BY NAVEEN KUMAR
After a nearly ten-year absence, Idina Menzel returns to Broadway in If/Then, an original yet hackneyed musical from Next to Normal writing team Tom Kitt (music) and Brian Yorkey (book and lyrics) that opened March 30 at the Richard Rodgers Theatre. While fans of the Wicked star’s sonorous belt may be delighted to learn that Ms. Menzel does double duty—playing two versions of the story’s heroine as her life fatefully unfolds down divergent paths—its generic rom com stakes rarely justify her volume.

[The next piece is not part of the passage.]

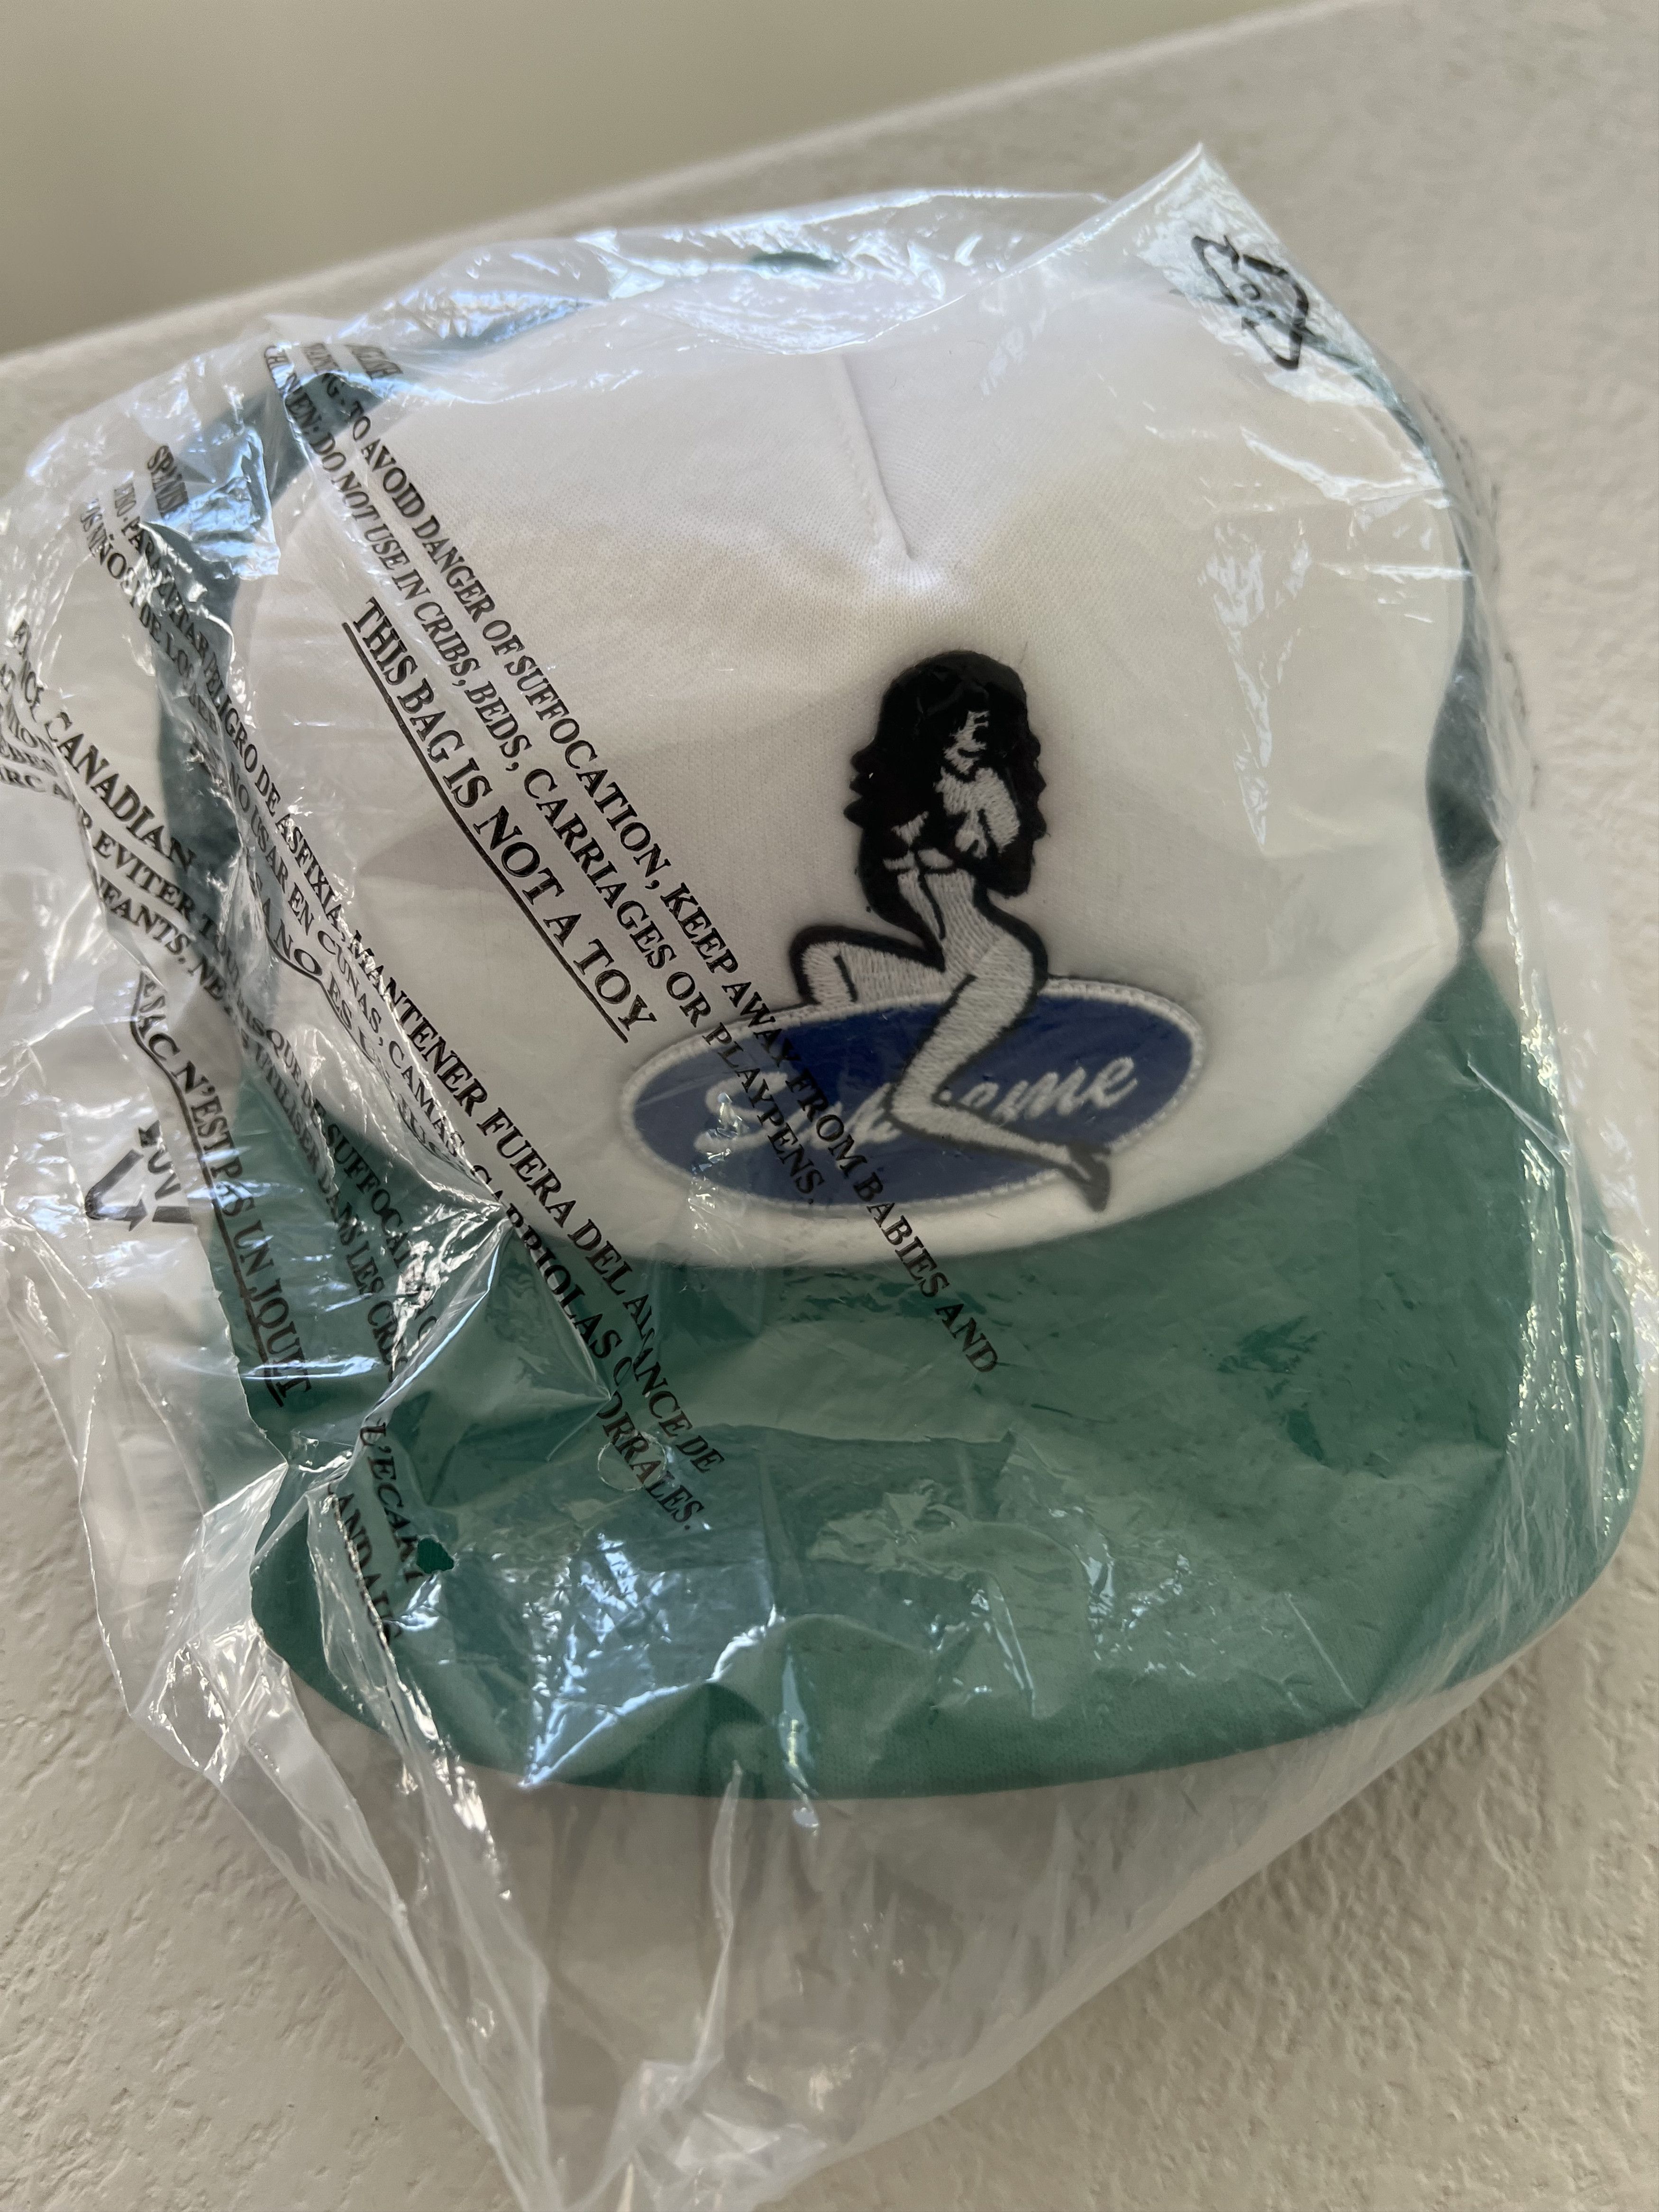 Supreme - Pinup Logo Trucker Hat (Green) – eluXive

It’s not exactly source material, but those familiar with Peter Howitt’s 1998 film Sliding Doors may be hip to the concept here. A single event (i.e. whether Gwyneth Paltrow makes the train) dramatically affects the path her life takes from there, so we follow her through a pair of ‘if/then’ scenarios. In Elizabeth’s case, it’s her decision whether to hang out with one friend or another on what, as one of them describes in the musical’s opening line, “feels like a fateful day.”
From her first number “What If?,” it’s clear Elizabeth is feeling particularly indecisive lately. She’s just returned to New York City after over a decade living in Phoenix, where her soured marriage to a grad school sweetheart has caused her to question her judgment. She’s already made fast friends with her free-spirited neighbor Kate (LaChanze, a clear highlight) and reconnected with her old Vassar chum Lucas (Anthony Rapp).
When she accompanies her new pal to a concert in Brooklyn, she goes by Kate’s preferred nickname of ‘Liz,’ meets her leading man Josh (a charming James Snyder), misses an important call, and quickly dons a new pair of black-framed glasses to differentiate herself. When she decides to attend a housing activists’ event with Lucas, she goes by ‘Beth,’ takes the important call from another former grad-school flame (who offers her a primo job with the city), and predictably falls into ill-advised romantic encounters with both.
Elizabeth’s vocation as an urban planner is just one of the plot’s overdetermined elements, which include Lucas being bisexual (and in pursuit of a different sex in each plot), and a dual incidence of the typical surprise in any story about a woman (hint: it happened to Gwyneth’s character too).
Director Michael Grief (Rent, Next to Normal) brings his usual geometry to bear on Mark Wendland’s spick-and-span set, which more readily resembles an expressively lit yoga studio than the streets of New York City (a giant suspended mirror with obvious symbolic significance also seems an attempt to add visual interest).
For all its questioning of fate, actions and reactions, If/Then neatly fills in the blanks implied by its title: If a woman wants to have a successful, fulfilling career, then she’ll be hapless in love and generally rather joyless. The opposite is also true: If she compromises her career goals, she can more readily dedicate herself to her family and friends. Fortunately, it need not be a conscious decision—fate (or the men in her life) can make the choice for her just as well.